Instituto de Salud Carlos-III (Spain).
白细胞介素 6(IL-6)阻断治疗是否会影响 COVID-19 患者对 SARS-CoV-2 的保护性免疫,已成为抗 IL-6 治疗的一个重要关注点。本研究旨在探讨 IL-6 阻断对 SARS-CoV-2 长期免疫的影响。
这是一项前瞻性、纵向队列研究,纳入因 COVID-19 住院且实验室确诊 SARS-CoV-2 感染的患者。我们评估了体液(抗 S 蛋白域 [S]、抗核衣壳 [N]、三聚体 S [TrimericS] IgG 和中和抗体 [Nab])和 T 细胞(干扰素-γ释放试验 [IGRA])应答,并评估了感染后一年患者再次感染的发生率,比较了接受托珠单抗 IL-6 阻断治疗的患者和未接受治疗的患者。

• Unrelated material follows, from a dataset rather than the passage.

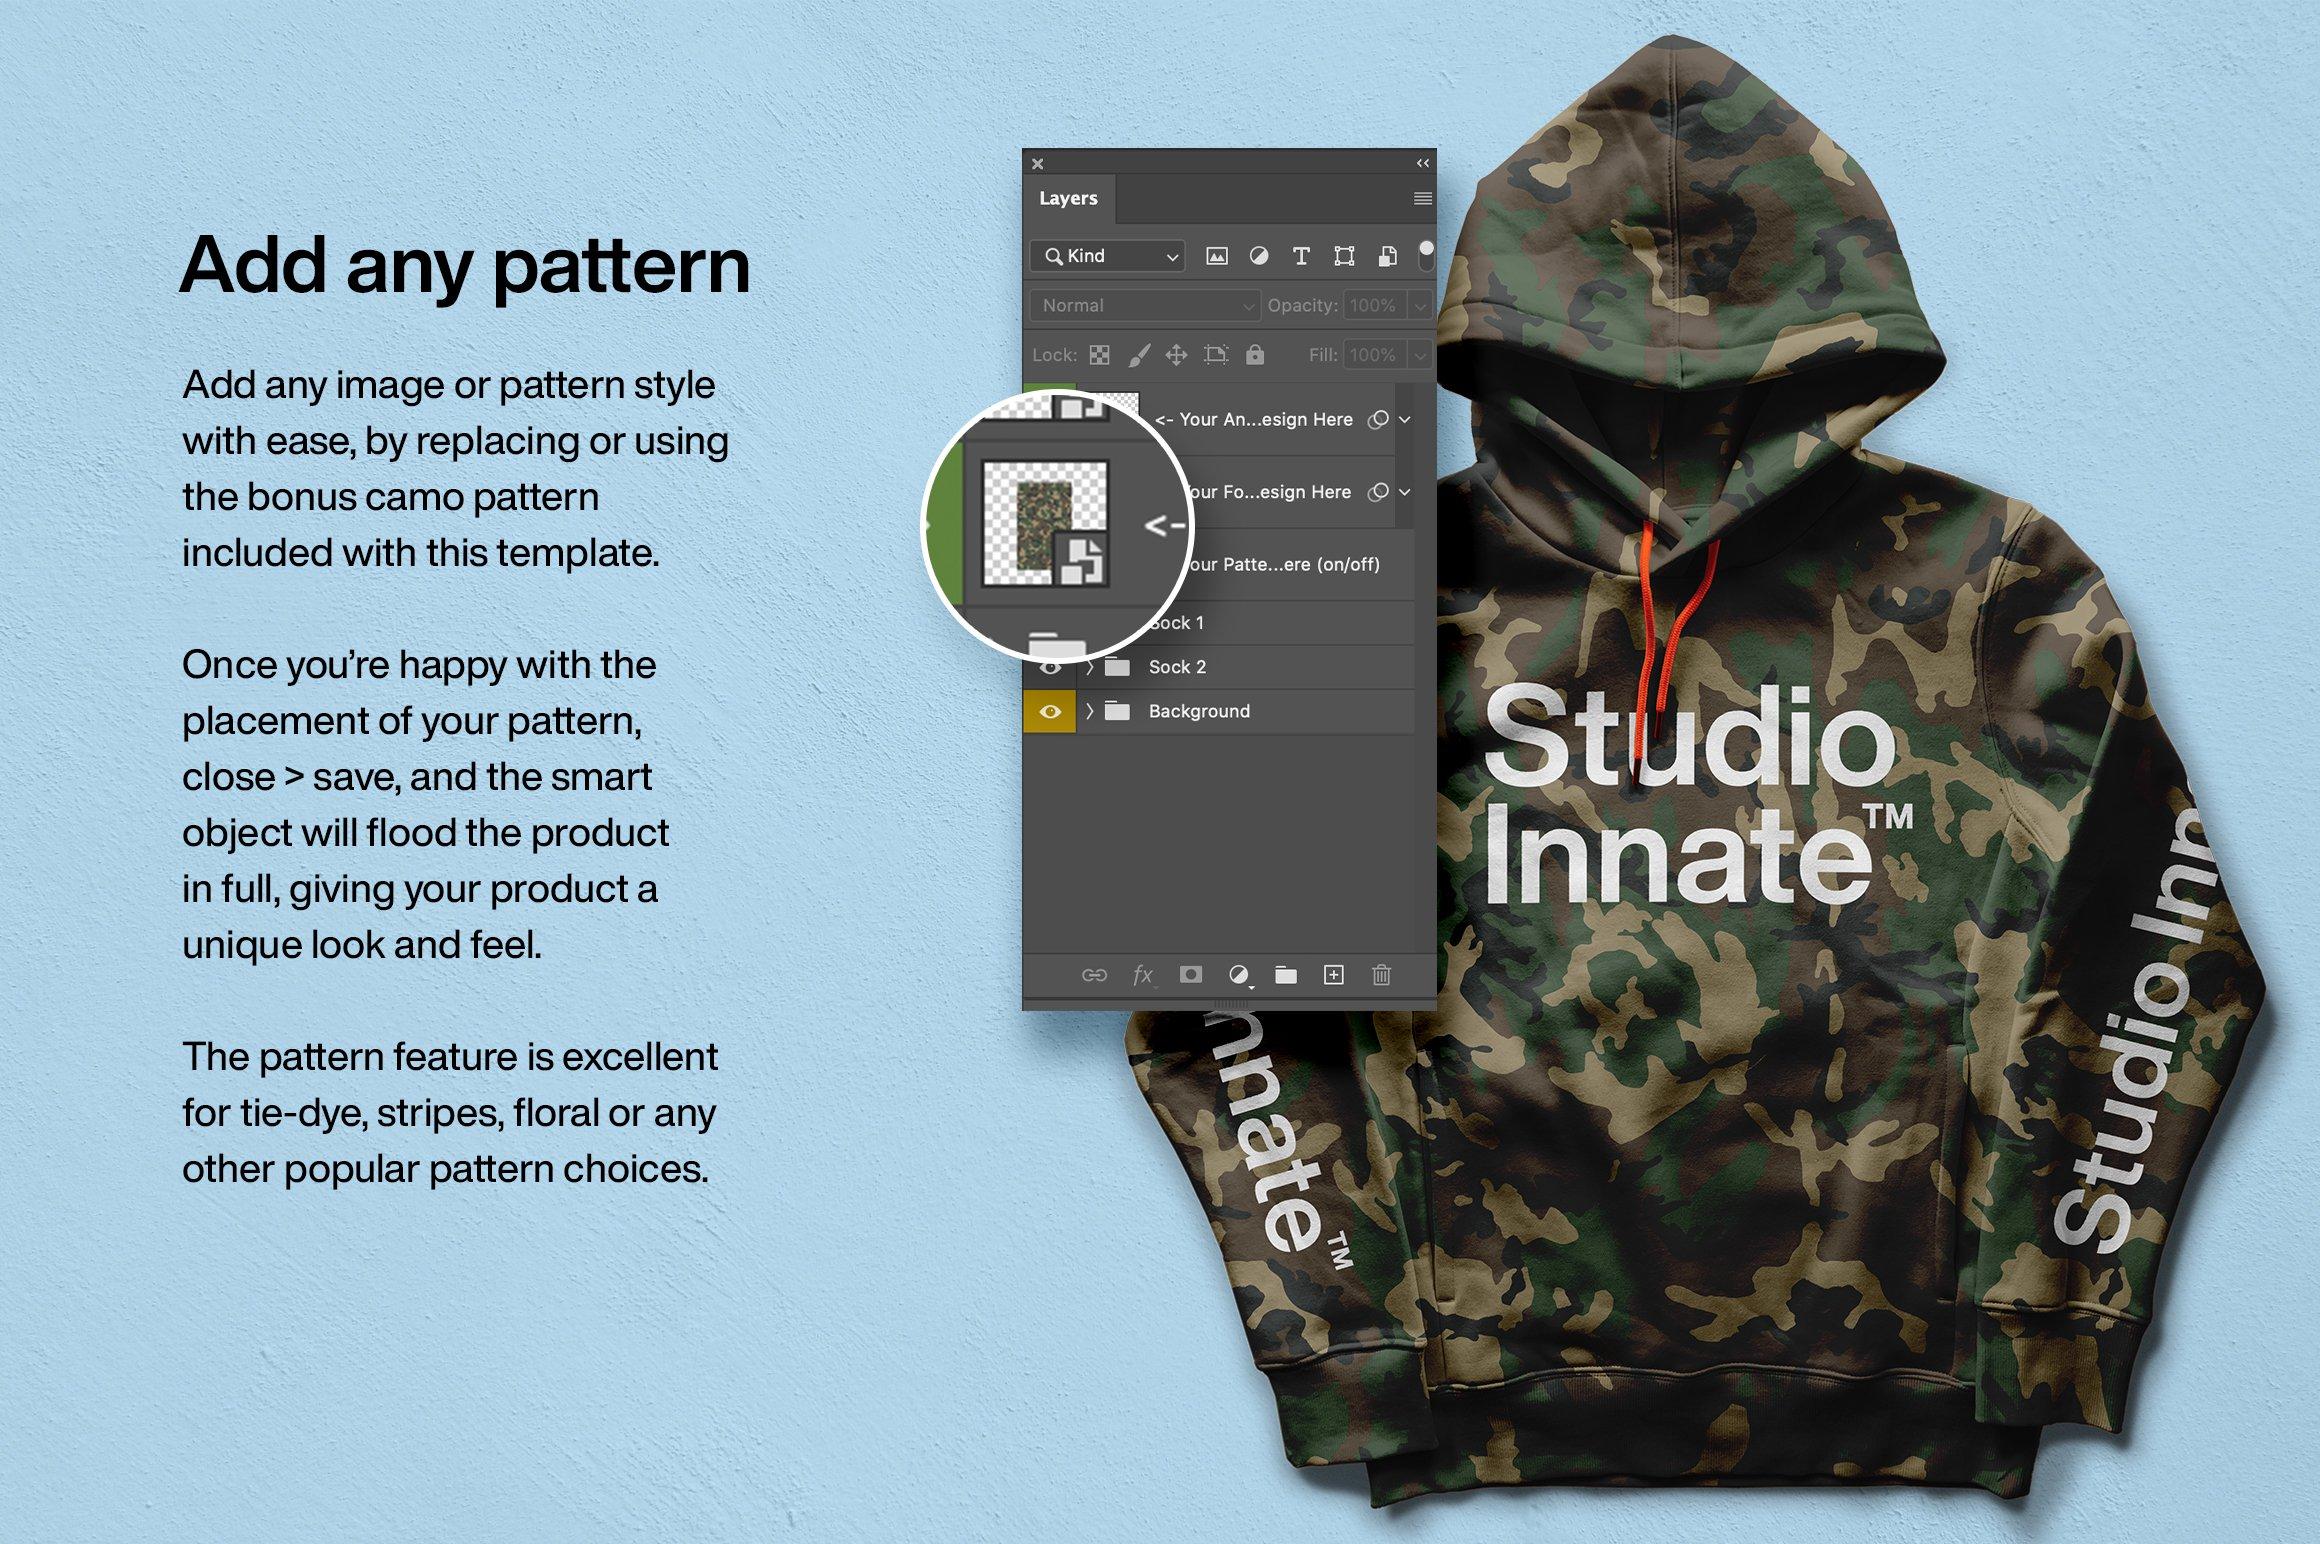 连衣帽卫衣正面印花图案设计展示贴图样机模板 Hoodie Front Mockup插图(4)
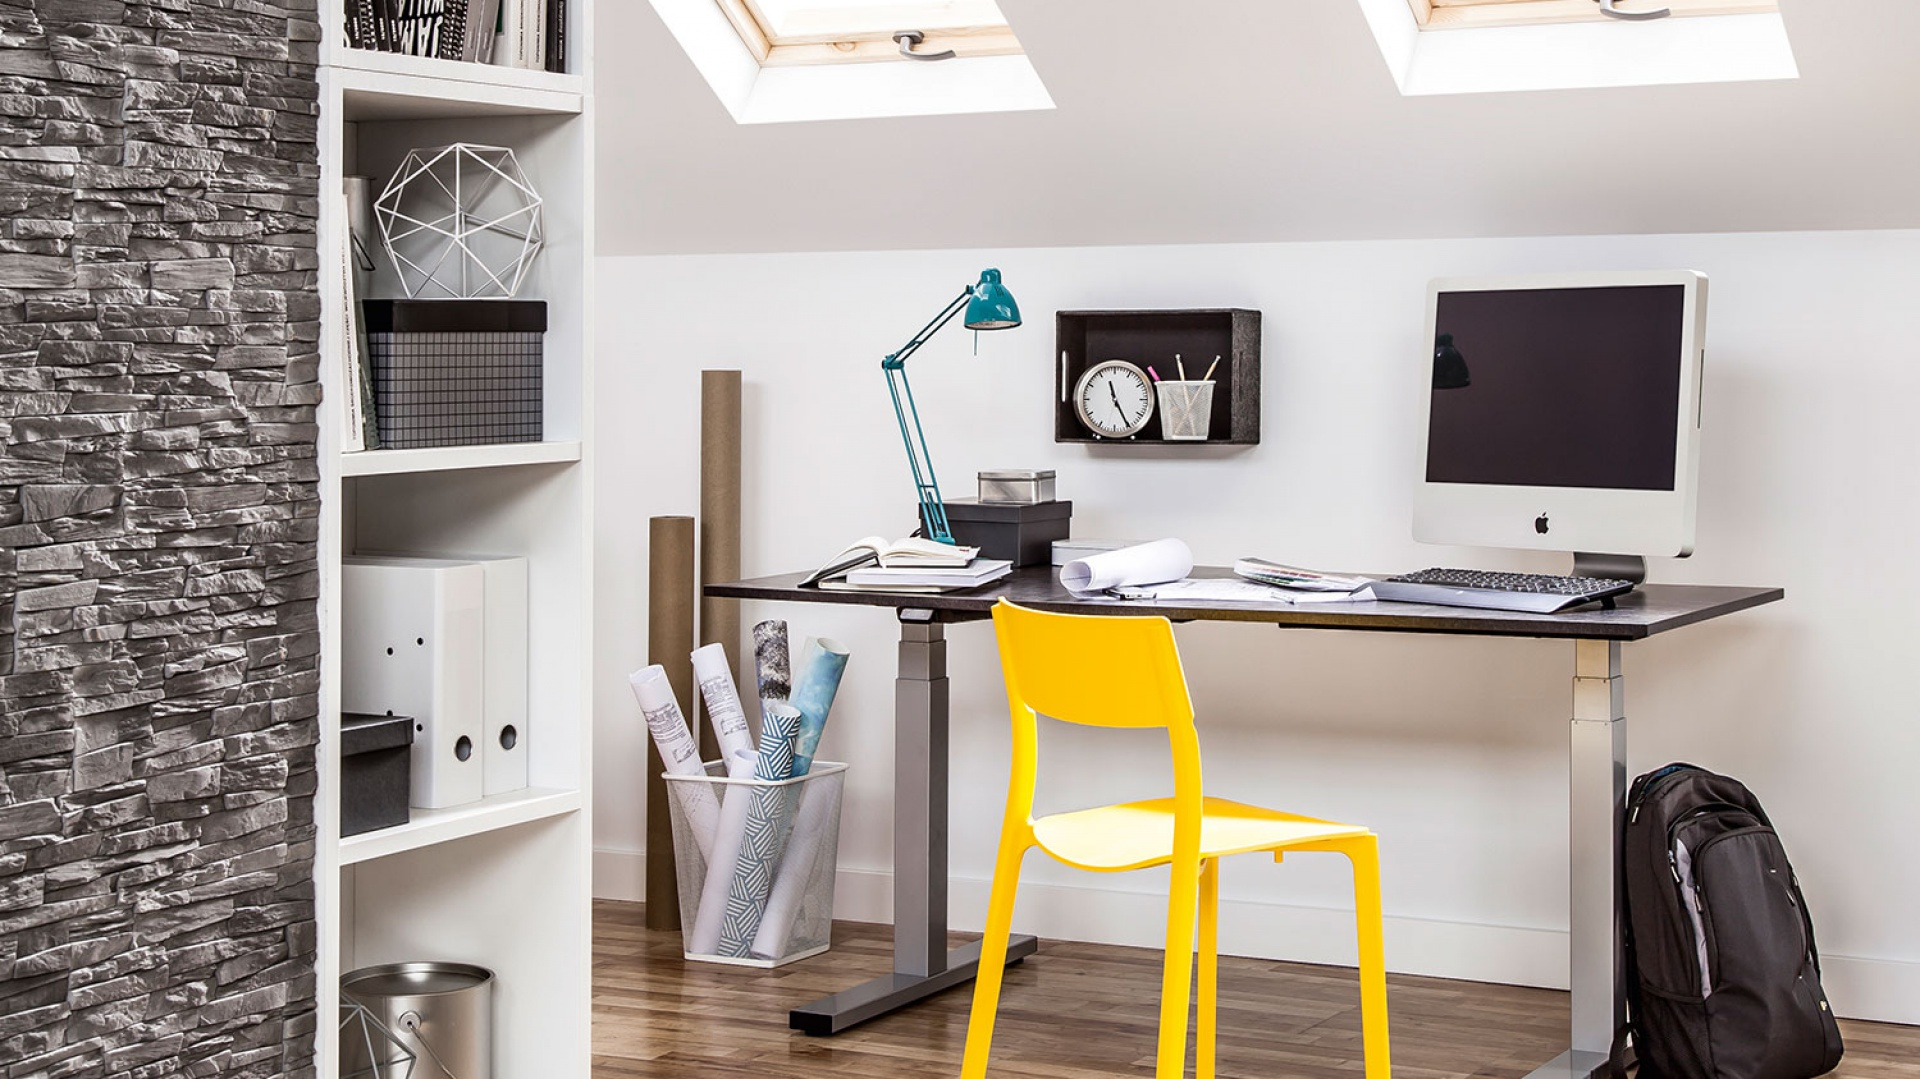 Domowe biuro nie musi zajmować wiele miejsca. Doskonale sprawdzi się proste biurko i klasyczne regały. Fot. Peka

在 150 名因 COVID-19 住院且经实验室确诊 SARS-CoV-2 感染的成年人中,有 78 人进行了 1:1 倾向评分匹配。接受抗 IL-6 治疗的患者出现 S-IgG 血清阳性的时间更短,S-IgG 和 N-IgG 抗体应答更强。在感染后一年未接种疫苗的患者中,接受抗 IL-6 治疗的患者的 TrimericS-IgG(295 vs 121 BAU/mL;p = 0.011)和 Nab(74.7 vs 41.0 %IH;p = 0.012)中位(Q1-Q3)水平更高,并且它们的 Nab 阳性比例更高(80.6% vs 57.7%;p = 0.028)。接受抗 IL-6 治疗的患者 T 细胞免疫也更好,IGRA 感染后一年的中位(Q1-Q3)干扰素-γ应答(1760 [702-3992] vs 542 [35-1716] mIU/mL;p = 0.013)更高,并且更多的患者对 IGRA 检测有阳性 T 细胞应答。在随访期间,接受抗 IL-6 治疗的患者再感染较少,并且对疫苗接种有更强的抗体和 T 细胞免疫应答。
COVID-19 重症患者的 IL-6 阻断治疗对 SARS-CoV-2 的长期免疫没有不良影响。抗体和 T 细胞反应的强度均大于未接受细胞因子治疗的患者的观察结果,且再感染风险并未增加。
西班牙卡洛斯三世健康研究所(Instituto de Salud Carlos-III)。